Without including the pictures, copy each line below exactly as it reads.

■ Material provided:
########
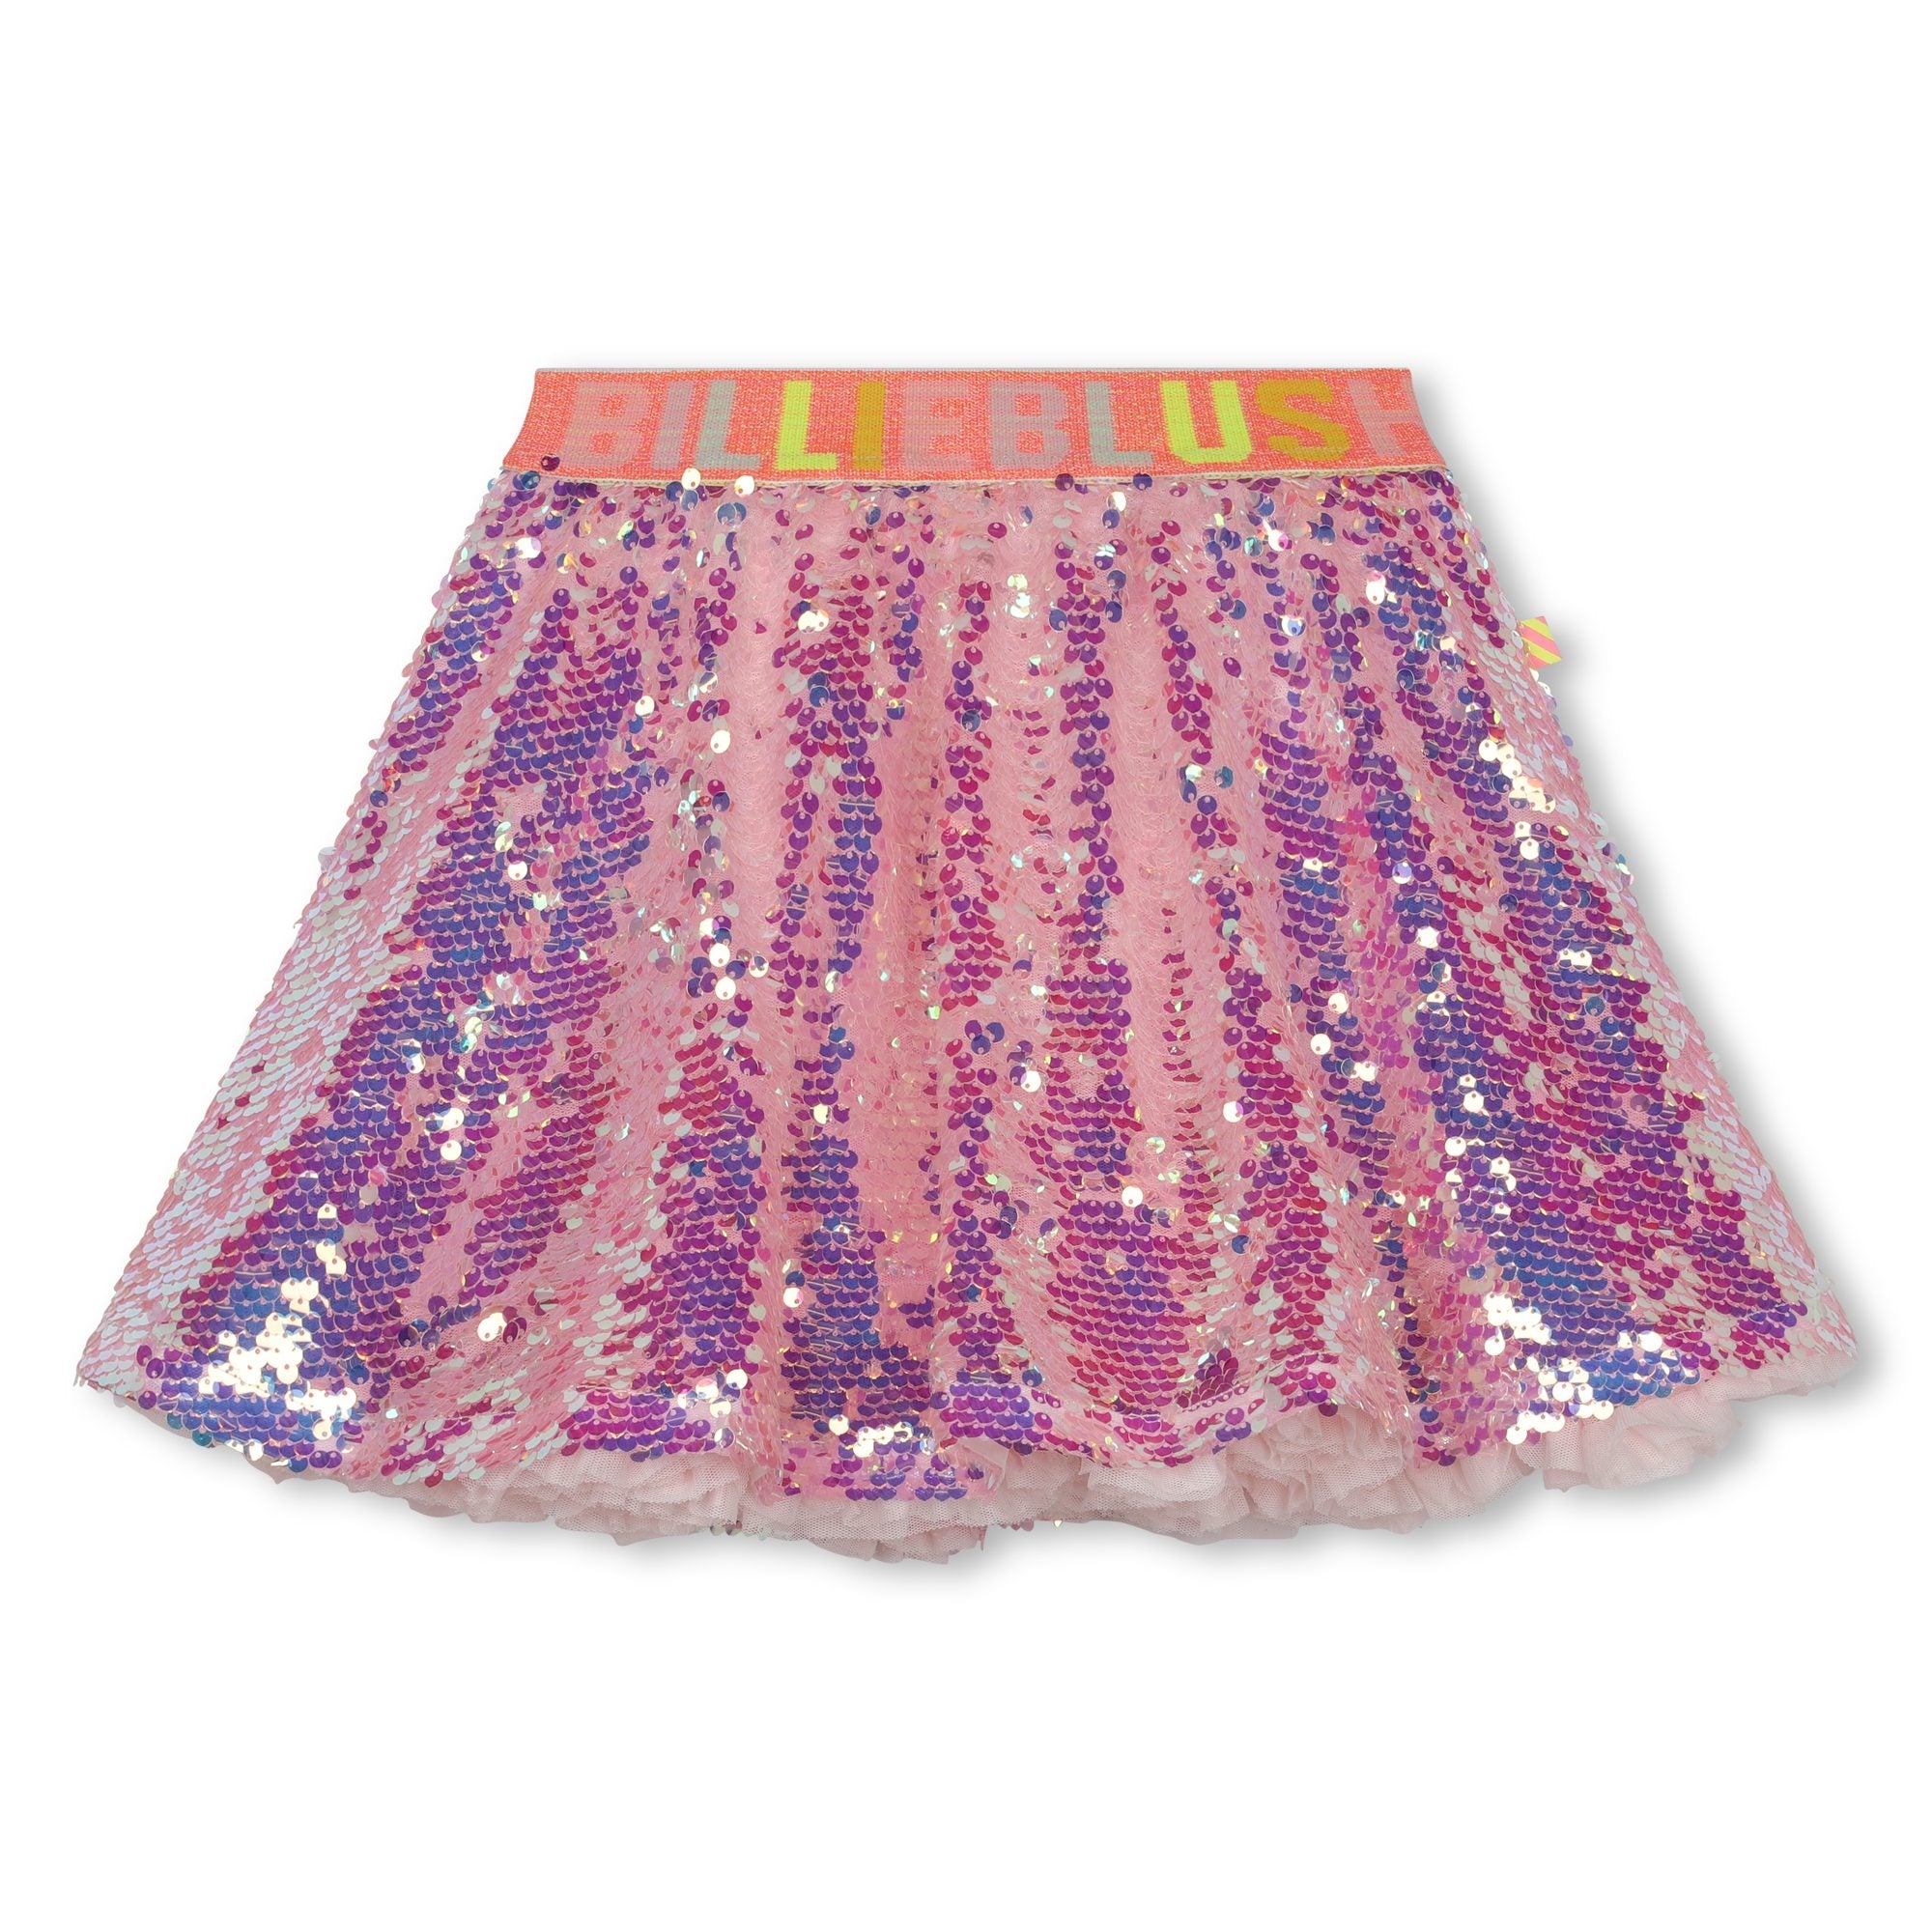 Girls Pink Sequin Skirt
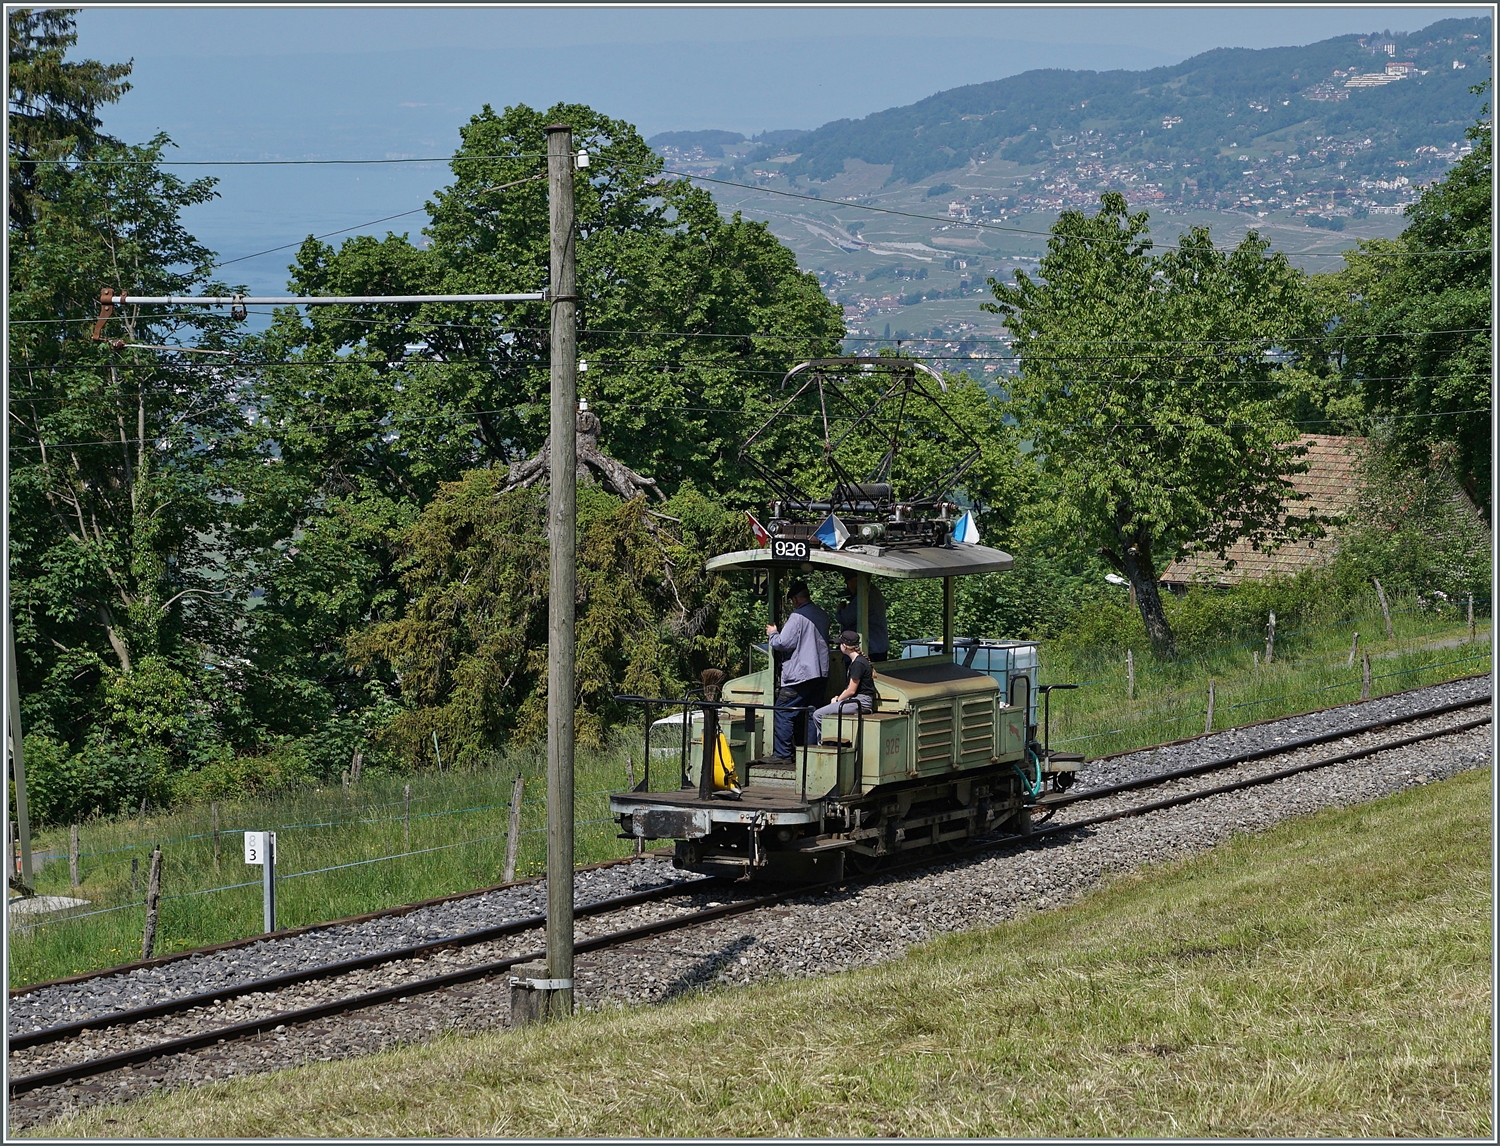 Eher selten auf der Strecke zu sehen: der VBZ Schienentraktor Te 2/2 926 ist bei Chaulin auf dem Weg nach Blonay.

29. Mai 2023
########
■ Solution to this task:
 Girls Pink Sequin Skirt
 Eher selten auf der Strecke zu sehen: der VBZ Schienentraktor Te 2/2 926 ist bei Chaulin auf dem Weg nach Blonay.

29. Mai 2023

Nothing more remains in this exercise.